* **INSTRUCTIONS TO FOLLOW**: Write out every line of the material as it stands, apart from the pictures.

* **SUPPLIED MATERIAL**:

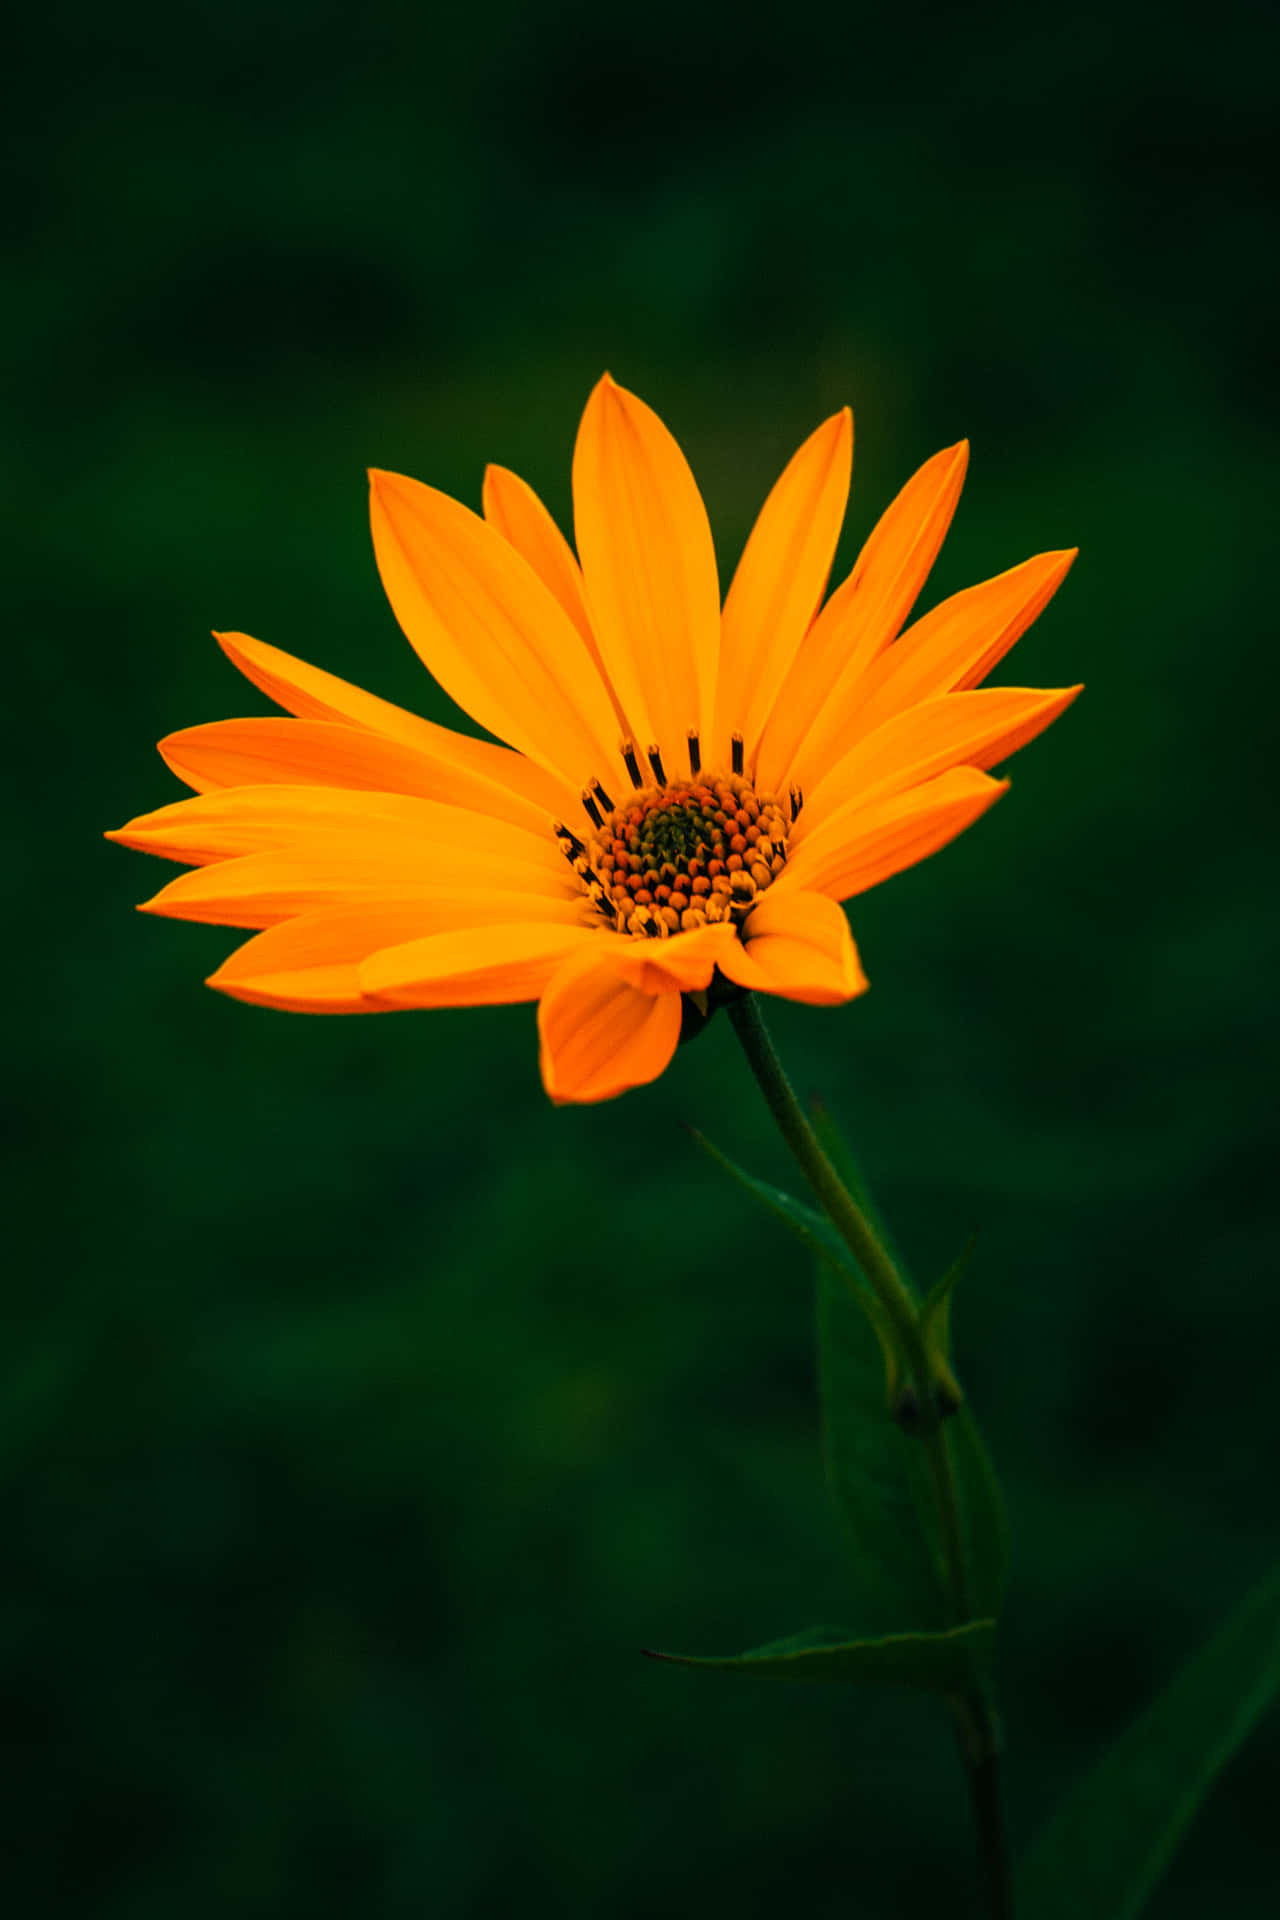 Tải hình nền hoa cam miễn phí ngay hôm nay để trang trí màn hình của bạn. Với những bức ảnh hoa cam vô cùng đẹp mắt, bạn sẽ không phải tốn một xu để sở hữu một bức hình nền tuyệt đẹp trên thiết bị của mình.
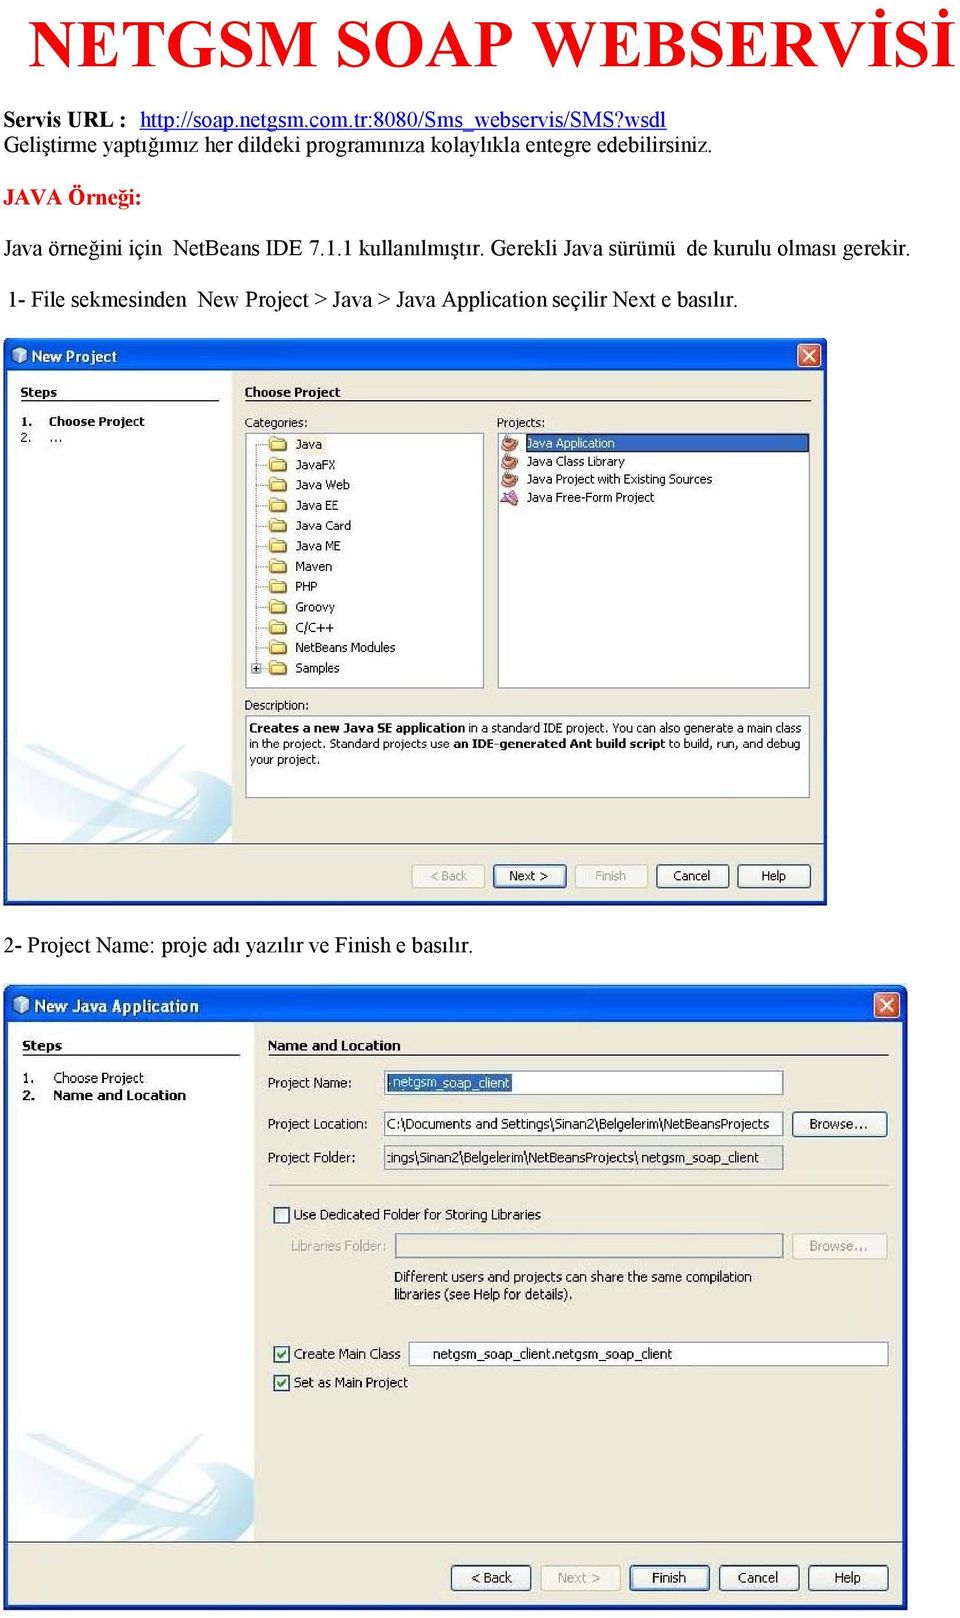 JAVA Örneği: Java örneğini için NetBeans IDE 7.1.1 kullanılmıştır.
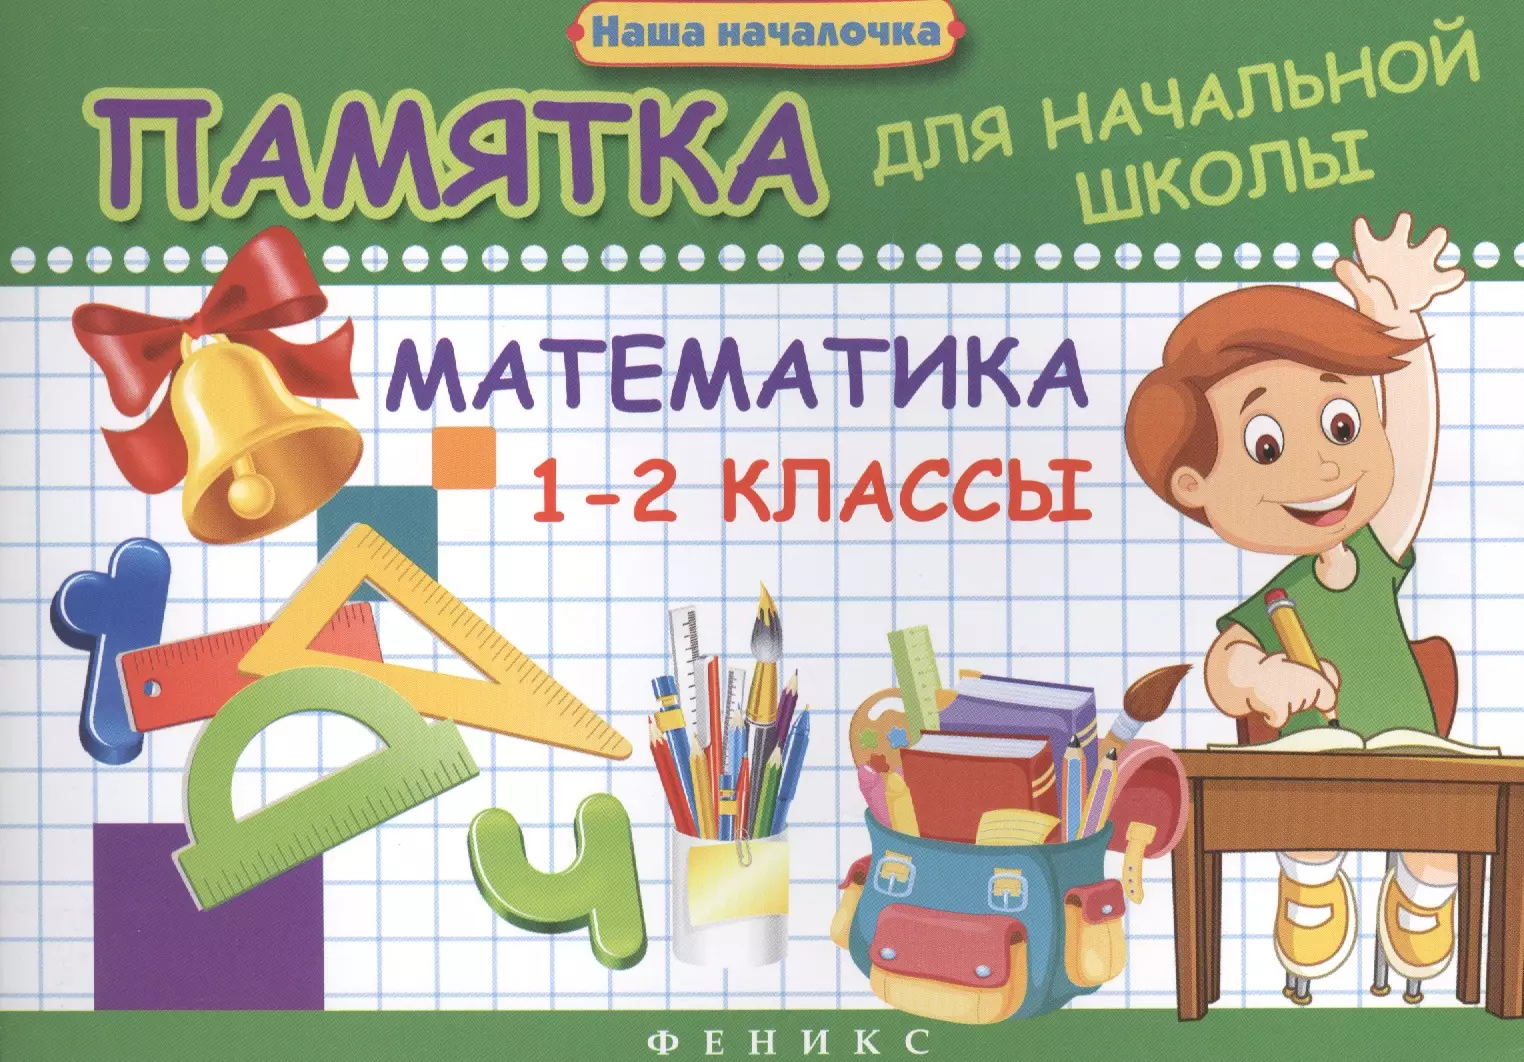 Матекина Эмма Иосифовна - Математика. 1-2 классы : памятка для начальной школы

* **SOLUTION FOR THIS TASK**:
 Tải hình nền hoa cam miễn phí ngay hôm nay để trang trí màn hình của bạn. Với những bức ảnh hoa cam vô cùng đẹp mắt, bạn sẽ không phải tốn một xu để sở hữu một bức hình nền tuyệt đẹp trên thiết bị của mình.
 JAVA Örneği: Java örneğini için NetBeans IDE 7.1.1 kullanılmıştır.
 Матекина Эмма Иосифовна - Математика. 1-2 классы : памятка для начальной школы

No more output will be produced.